You would have to be living under a rock not to at least suspect that Anderson Cooper is gay. Today, in an email printed on Andrew Sullivan’s Daily Beast blog, Cooper largely told the world what we all pretty much knew. However, I am not here to cast aspersions on Cooper for waiting so long to come out. Rather, to offer some thoughts about the why. After all, we already covered the story elsewhere. Cooper wrote and Sullivan published, in part:
But I’ve also wanted to retain some privacy for professional reasons. Since I started as a reporter in war zones 20 years ago, I’ve often found myself in some very dangerous places. For my safety and the safety of those I work with, I try to blend in as much as possible, and prefer to stick to my job of telling other people’s stories, and not my own. I have found that sometimes the less an interview subject knows about me, the better I can safely and effectively do my job as a journalist.
I’ve always believed that who a reporter votes for, what religion they are, who they love, should not be something they have to discuss publicly. As long as a journalist shows fairness and honesty in his or her work, their private life shouldn’t matter. I’ve stuck to those principles for my entire professional career, even when I’ve been directly asked “the gay question,” which happens occasionally. I did not address my sexual orientation in the memoir I wrote several years ago because it was a book focused on war, disasters, loss and survival. I didn’t set out to write about other aspects of my life.
Sometimes coming out of the closet is not the same for everyone.

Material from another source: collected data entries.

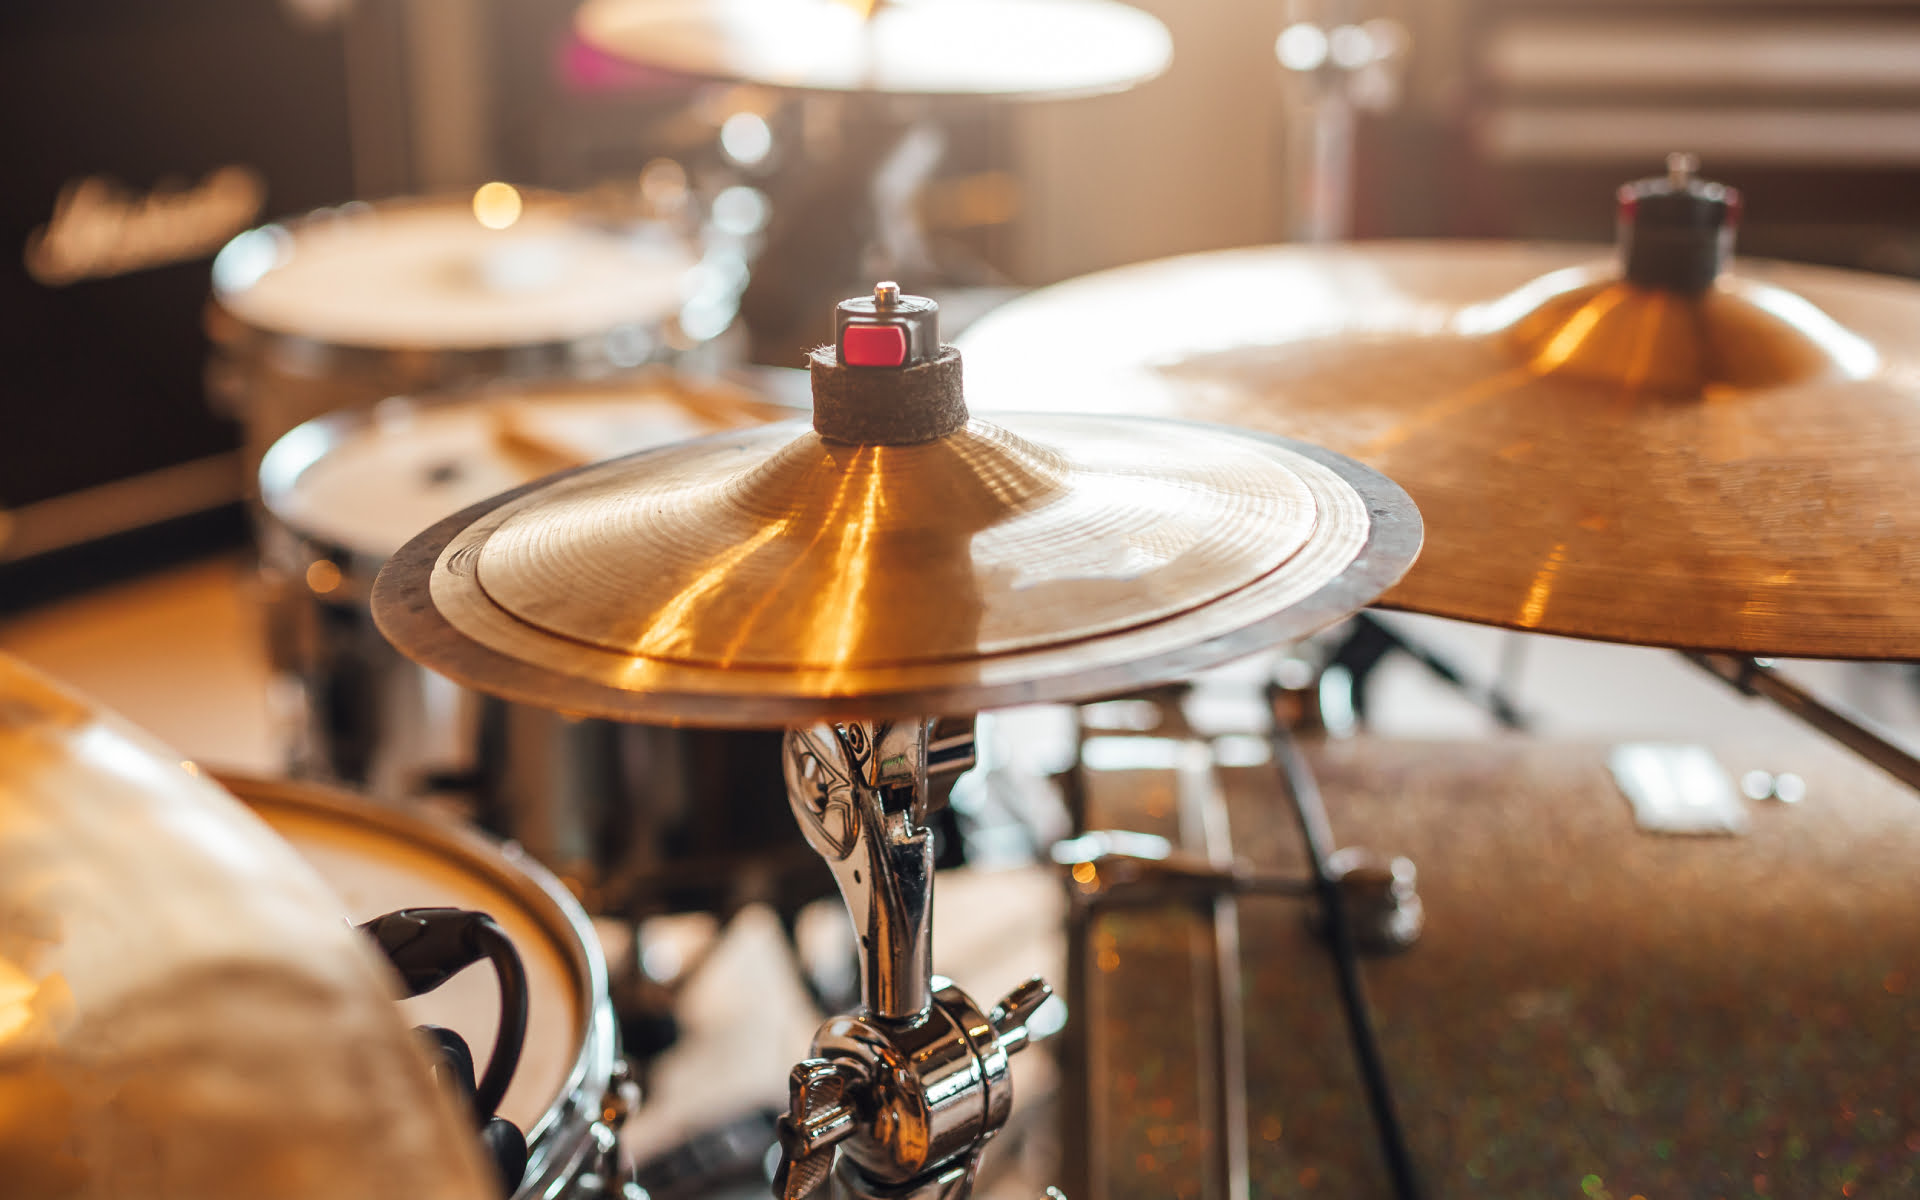 6 Best Cymbal Stacks for FX and Accents (Feb 2021)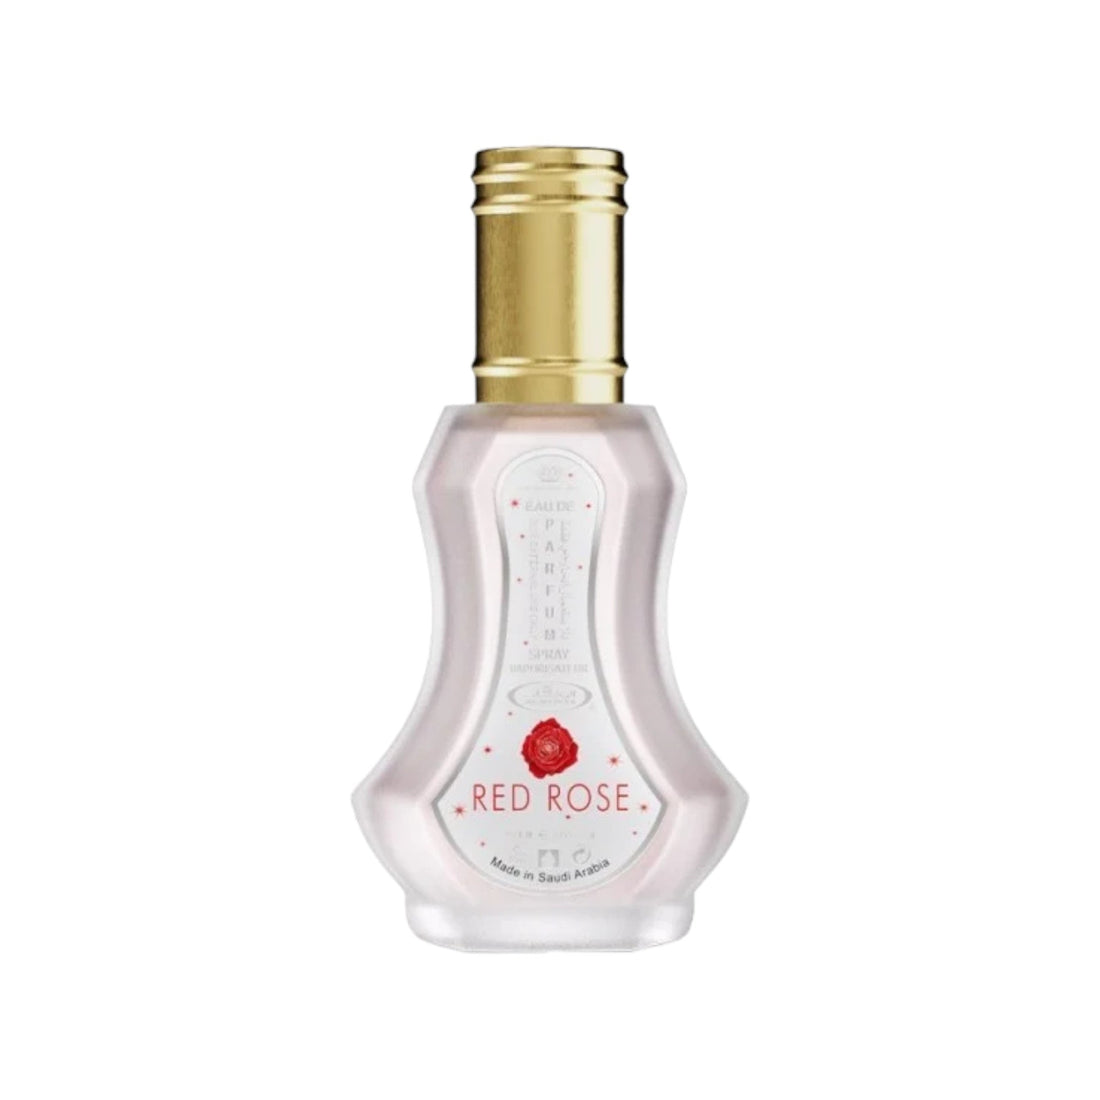 Bottle of Red Rose 35ml EDP by Al Rehab, showcasing its elegant design and hinting at its floral and cinnamon-scented contents.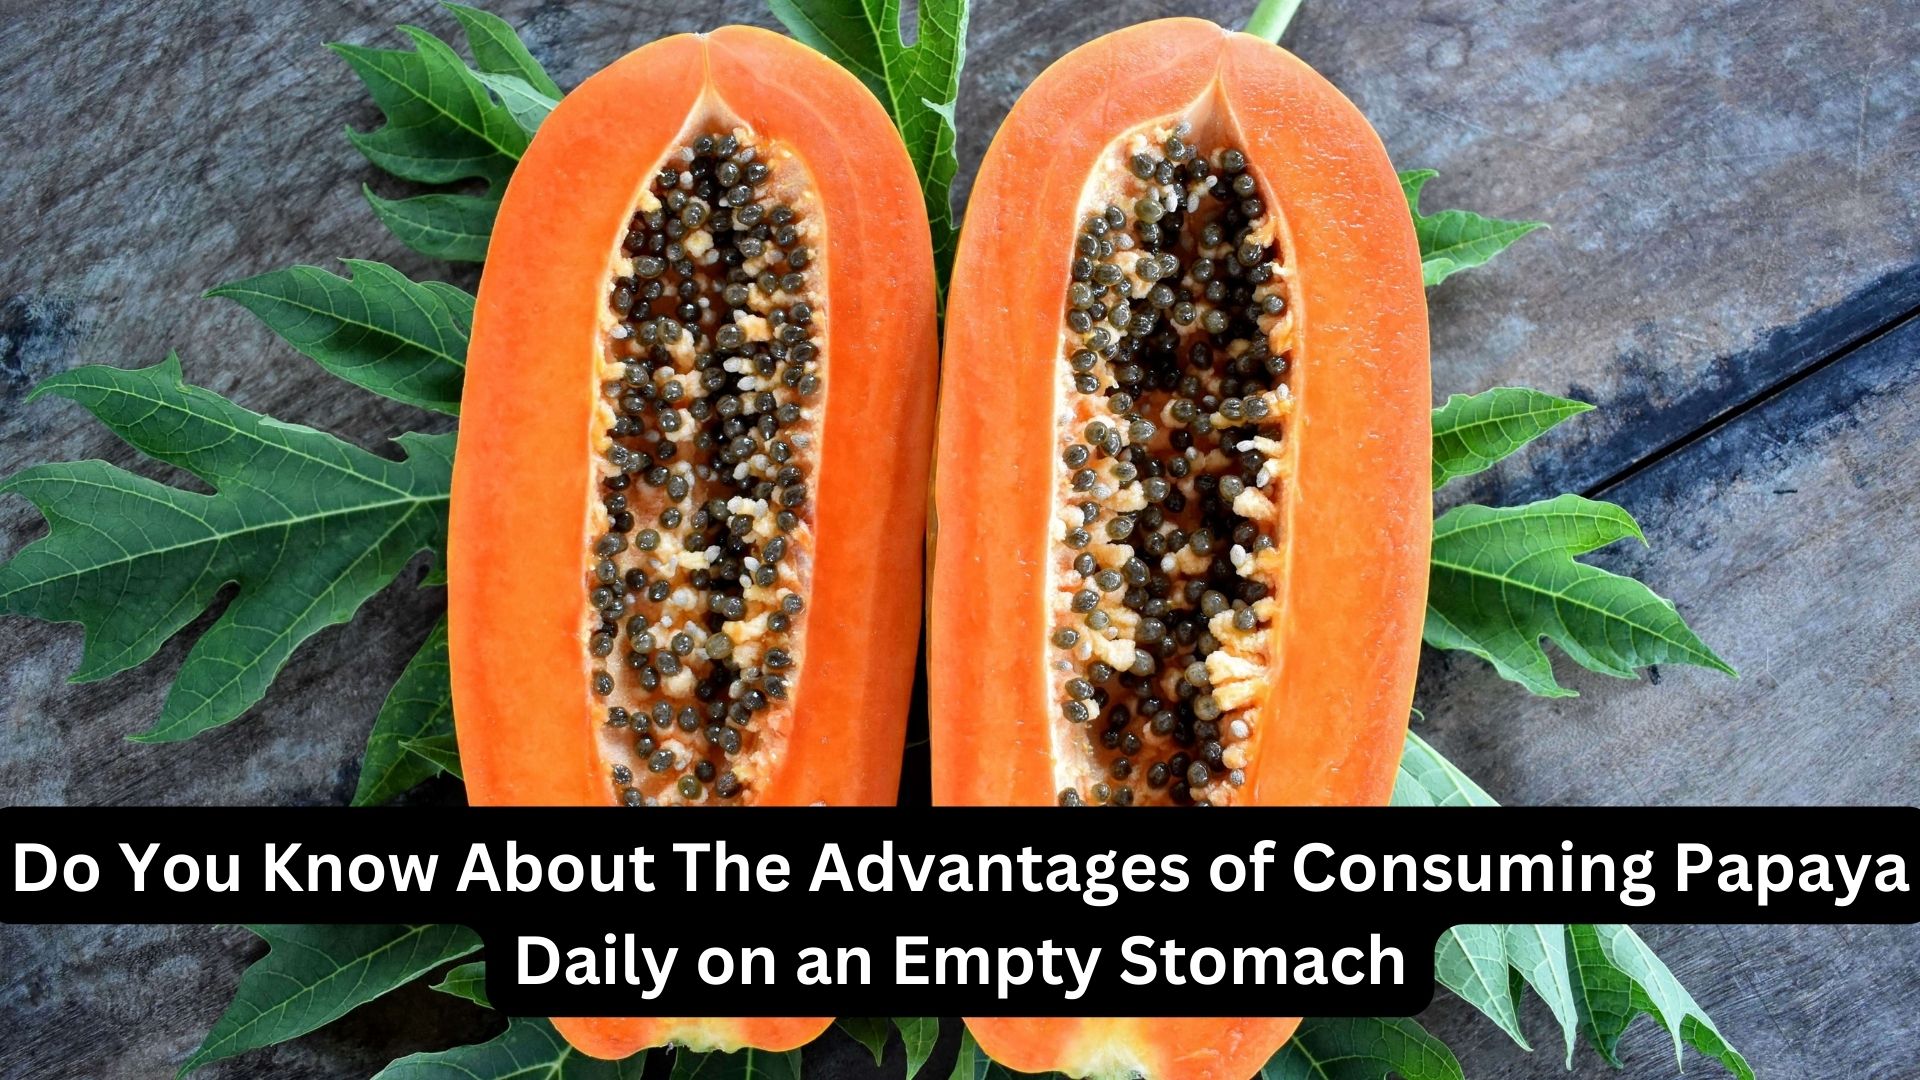 Do You Know About The Advantages of Consuming Papaya Daily on an Empty Stomach

Recently, celebrity Chef Anne Burrell came out after she was kind of nudged out by a fellow Food Network celeb. Anne had not actually been in the closet. It wasn’t like her friends and family did not know that she is a lesbian. Instead, she just had not come out to the world.
That is a lot of what happened with Anderson Cooper, but rather than just being because of a need for protection. Cooper has spent a lot of time in places where being American is not a very popular option for someone, and being a gay American is likely to be a huge problem.
Cooper understands that there is a fine balance needed. Certainly we need people who are open about being lesbian, gay, bisexual or transsexual because of the youth out there who face these horrible days in which they have few positive signs in their lives, but should that come at the risk of someone’s life if they are in a very risky business?
It is wonderful that Cooper has finally come out. Hopefully this will not be at the expense of his life or his safety.

JohnMichael
July 2, 2012 at 4:44 pm
Contrary to the intimation of your post I suspect that the coming out process is different for everyone since our lives and the events that bear on our lives are all unique. That being said I would like to point out that Mr. Cooper has been “out” for a long time indeed. Experience teaches us that each lgbt person comes out twice. The first time is when you look in the mirror and say to yourself “you’re gay” and you dont break out in tears. The second time is when you begin to spread the joy of yourself to your family and friends. I think he has been ‘out’ a long time.
Bridgette P. LaVictoire
July 2, 2012 at 4:46 pm
I’m kind of confused about what you just said, but I’m kind of unique since I never had any issue with being lesbian, and actually, I was trying to say just what you are saying- it’s different for each of us.